Ovación
Miércoles 12 de Abril de 2017

Sampaoli, con la banca del grupo

El Cholo no será el técnico de la selección no sólo porque él no quiere, sino porque este grupo de jugadores considera que el más calificado para el cargo es el Zurdo.

Que Diego Simeone tenga en el bolsillo el clamor popular para ser el técnico de la selección argentina no significa que sea el ideal para arroparse con el buzo que desde el lunes dejó colgado en una percha Edgardo Bauza. Mucho menos si esa silla está a la espera para que la ocupe Jorge Sampaoli.

El Cholo no será el técnico de la selección no sólo porque él no quiere, sino porque este grupo de jugadores considera que el más calificado para el cargo es el Zurdo. Por afinidad humana y, sobre todo, por una identificación futbolística con la propuesta que siempre desarrollan los equipos del casildense. Con términos más o menos entendibles, por si alguno no entendió por dónde viene la mano, Argentina impondrá más condiciones en cualquier país, cancha y rival si es dirigida por Sampaoli que con Simeone.
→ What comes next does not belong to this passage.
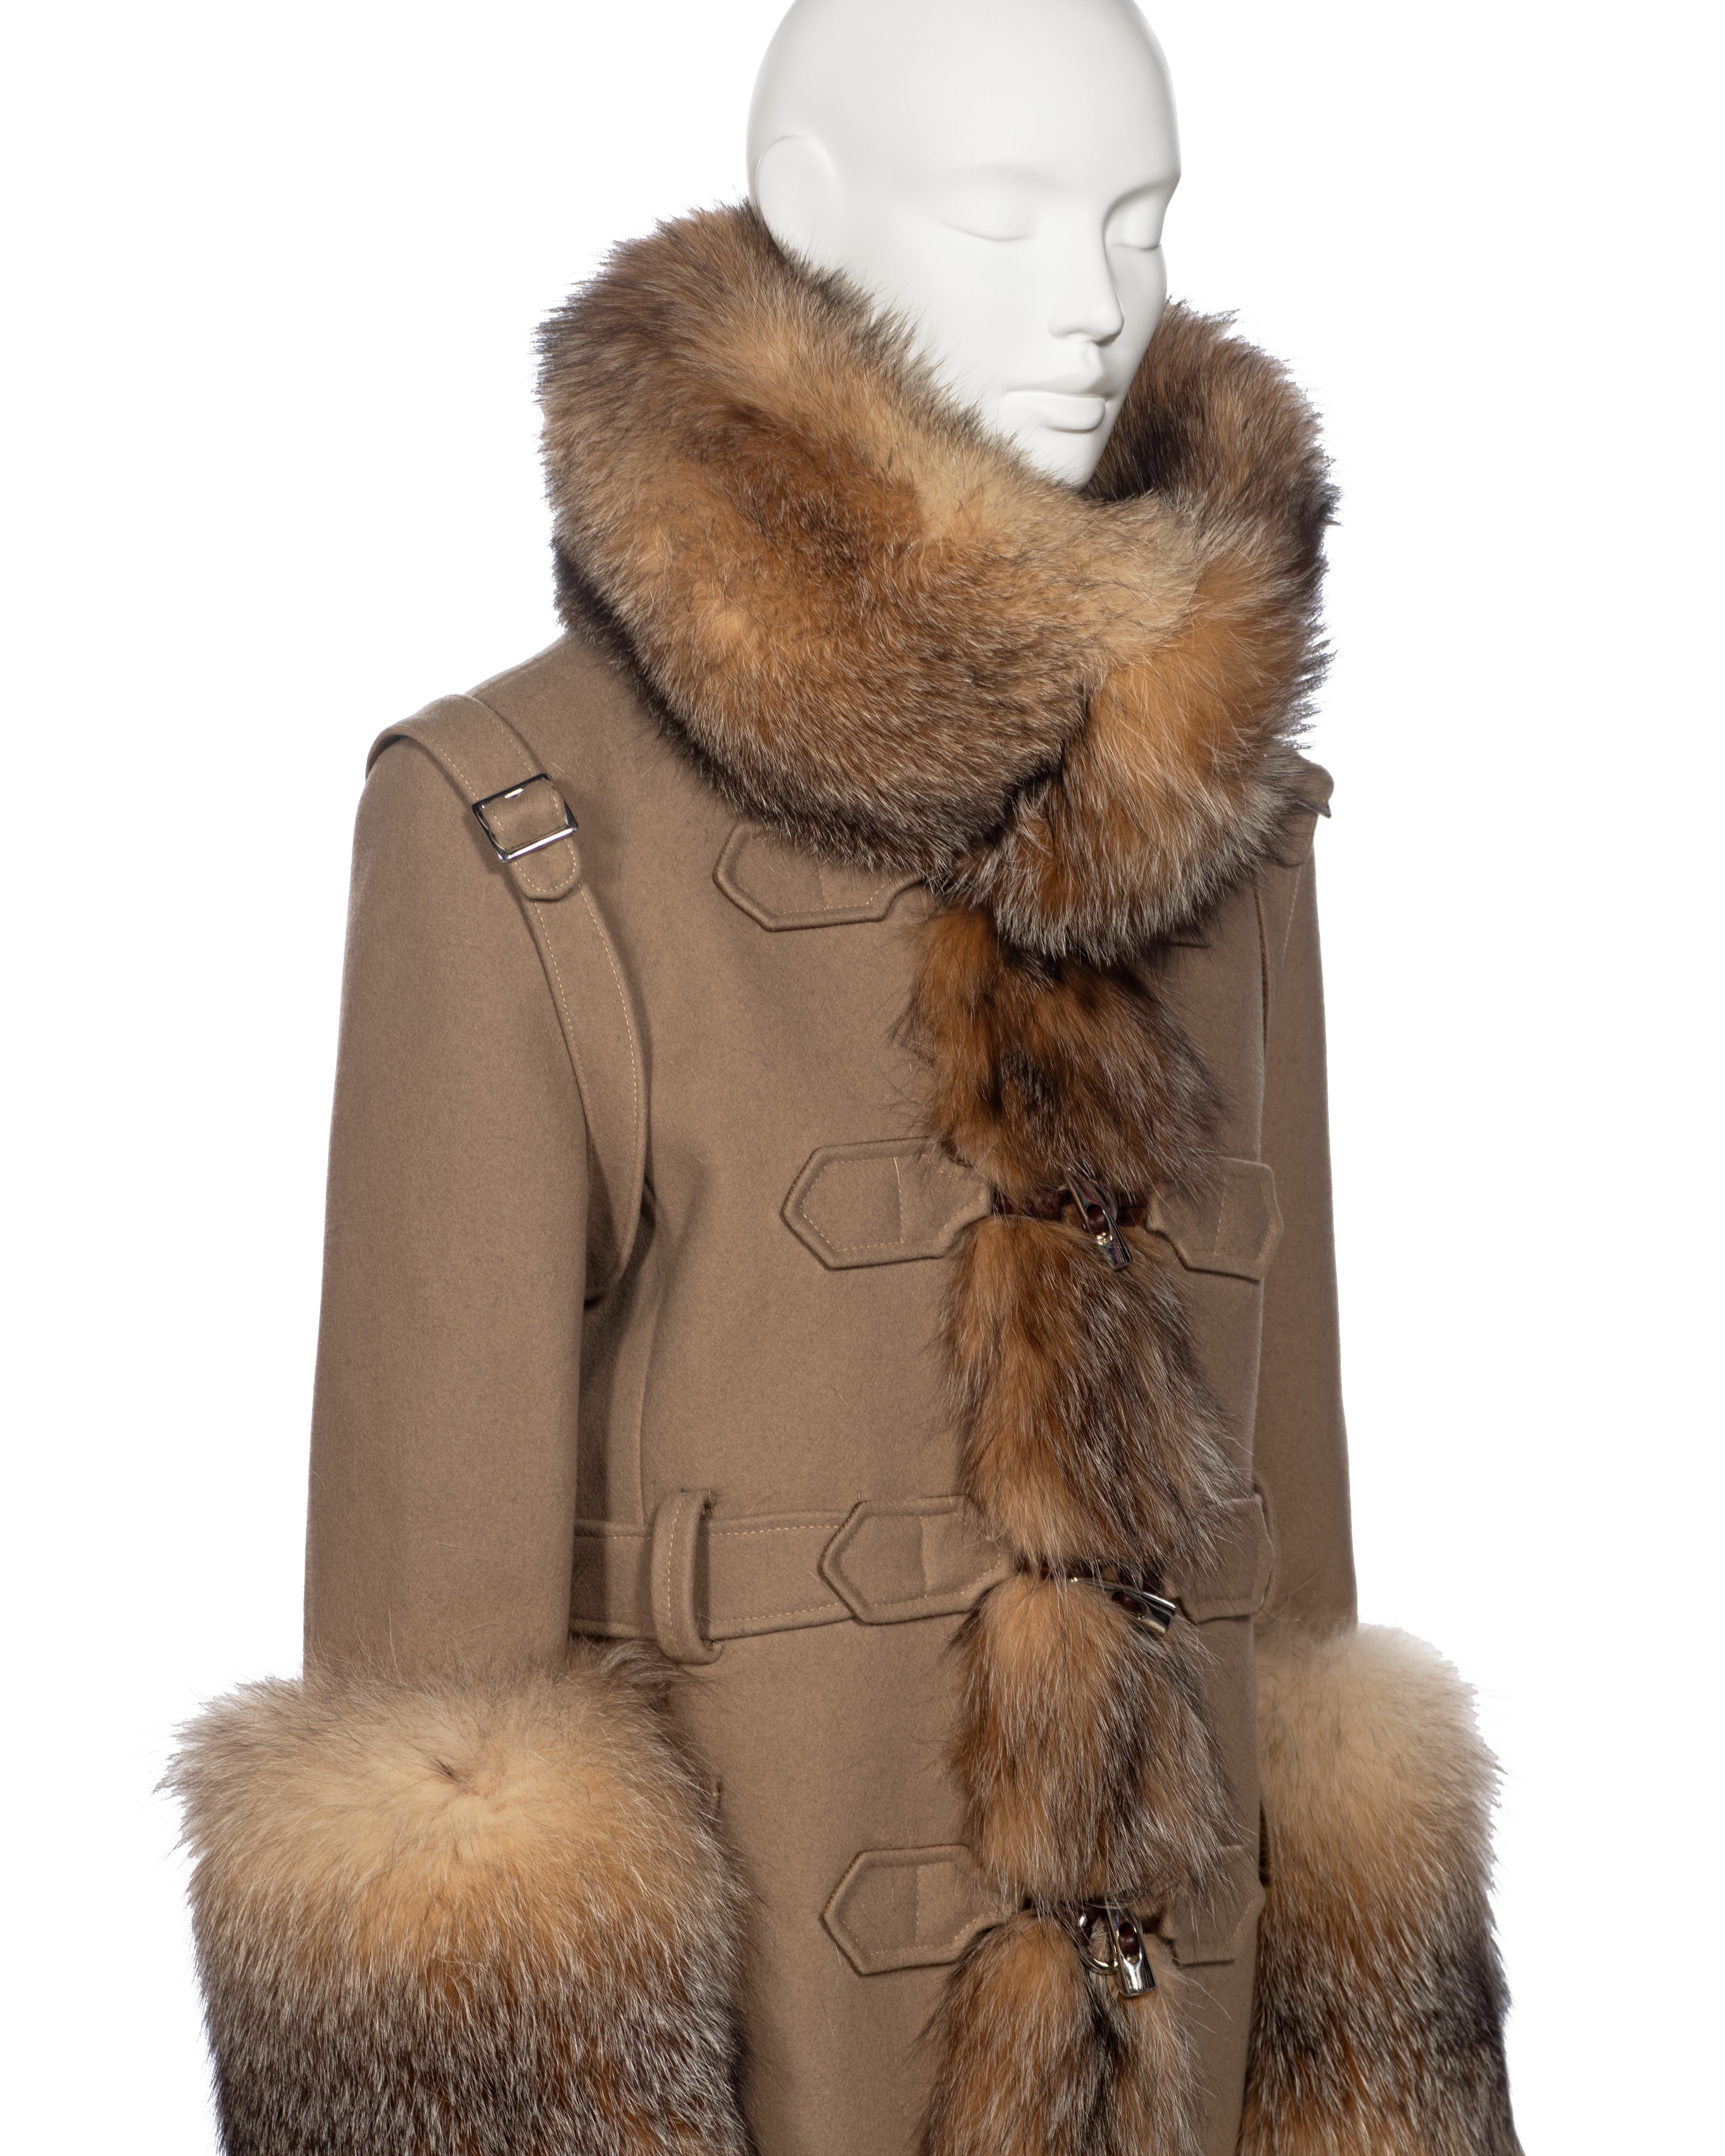 Balenciaga by Nicolas Ghesquière Fur-Trimmed Felted Wool Duffle Coat, fw 2005 For Sale 4
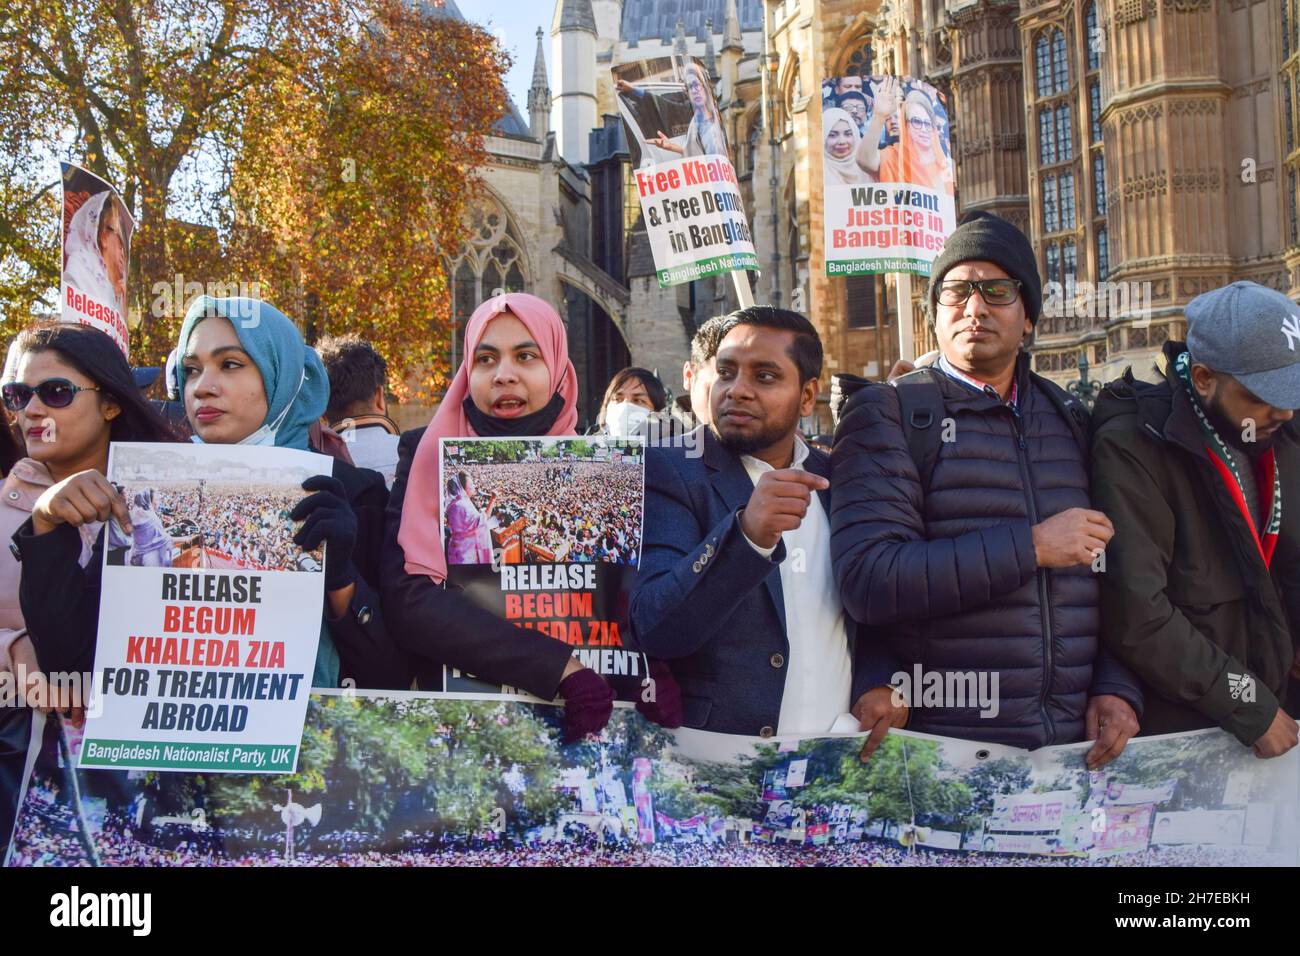 London, UK. 22nd Nov, 2021. Demonstrators hold placards in support of Khaleda Zia during the demonstration outside the UK parliament.Demonstrators gathered outside the parliament in support of former Bangladesh Prime Minister and Bangladesh Nationalist Party leader Khaleda Zia, who has been suffering health problems, demanding that she be released for treatment abroad. Credit: SOPA Images Limited/Alamy Live News Stock Photo

Será más valiente porque la esencia de Sampaoli no reconoce claudicaciones.

Esta última sentencia no invalida esa creencia que afirma que el Cholo es un maestro para incorporarles vena competitiva a sus equipos. Si Atlético de Madrid es lo que es en el universo del fútbol es gracias a la huella que está dejando Simeone. Claro, en el medio no se puede obviar que perdió dos finales de la Champions League contra Real Madrid. Es cierto que reubicó a los colchoneros en el concierto mundial y que supo disfrazar el océano de distancia que existe entre los jugadores de Real y Atlético. Pero cualquiera que fuera mal pensado y que ponga el ojo en esas dos finales perdidas ante el archirrival diría que traer al Cholo a la selección no es lo más aconsejable para que se pare enfrente de un plantel que de no levantar copas puede escribir hasta un libro.

Dicho esto, no debe haber una sola persona que no esté convencida de que Simeone ya se ganó la posibilidad de caminar por esa alfombra roja que desemboca en el predio de Ezeiza. Por algo los dirigentes de la AFA dejaron trascender que harán una parada por Madrid para tratar de encontrarse con él. Igual, la puesta en escena tiene similitudes con lo que hizo hace años Julio Humberto Grondona cuando cumplió con el deseo de todos de darle la selección a Carlos Bianchi sabiendo que la iba a rechazar. Acá pasará lo mismo. El Cholo no tiene pensado salir de Atlético y el club tampoco en largarlo, aunque la cláusula de rescisión está fijada en 20 millones de euros.

Se insiste con que el craso error es pensar que finalmente Sampaoli llegará a la selección por la negativa de Simeone. No es así. Tampoco es cierto que al Cholo no lo molesta dejar pasar de nuevo el tren porque no quiere dirigir a esta generación de futbolistas, con Messi y Mascherano sentados en primera fila. Una vil mentira porque teniendo a Messi en el equipo es más factible salir campeón que si un técnico no lo tiene.

Esta filiación que manifiesta el grupo de la selección por Sampaoli está sustentada en el respeto que cosechó el Zurdo en las armoniosas fuerzas colectivas que formó cuando estuvo al frente de la selección chilena, antes en la Universidad de Chile y ahora en Sevilla. Cuentan que Messi nunca jugó tan incómodo de movimientos como en aquella final contra Chile por la Copa América 2015. Incluso, en las pocas veces que se vieron en España, Leo le reconoció en la cara al Zurdo lo sorprendente que le resultó ver el funcionamiento de Chile. Otro que le tiró flores es un tal Pep Guardiola en una entrevista publicada el 3 de marzo: "Sampaoli es un gran entrenador. Lo demostró en la selección de Chile y ahora en Sevilla", dijo el técnico de Manchester City. Sin dudas que el gran capital que tiene Sampaoli para desembarcar en la selección es la metodología de entrenamientos. Una estructura de trabajo con todos los adelantos tecnológicos para que la automatización de los ejercicios tengan la intensidad con la que se juegan los partidos. Lo que se dice un cuerpo técnico de avanzada. Ni más ni menos que lo que necesita un grupo de élite como el de la selección argentina.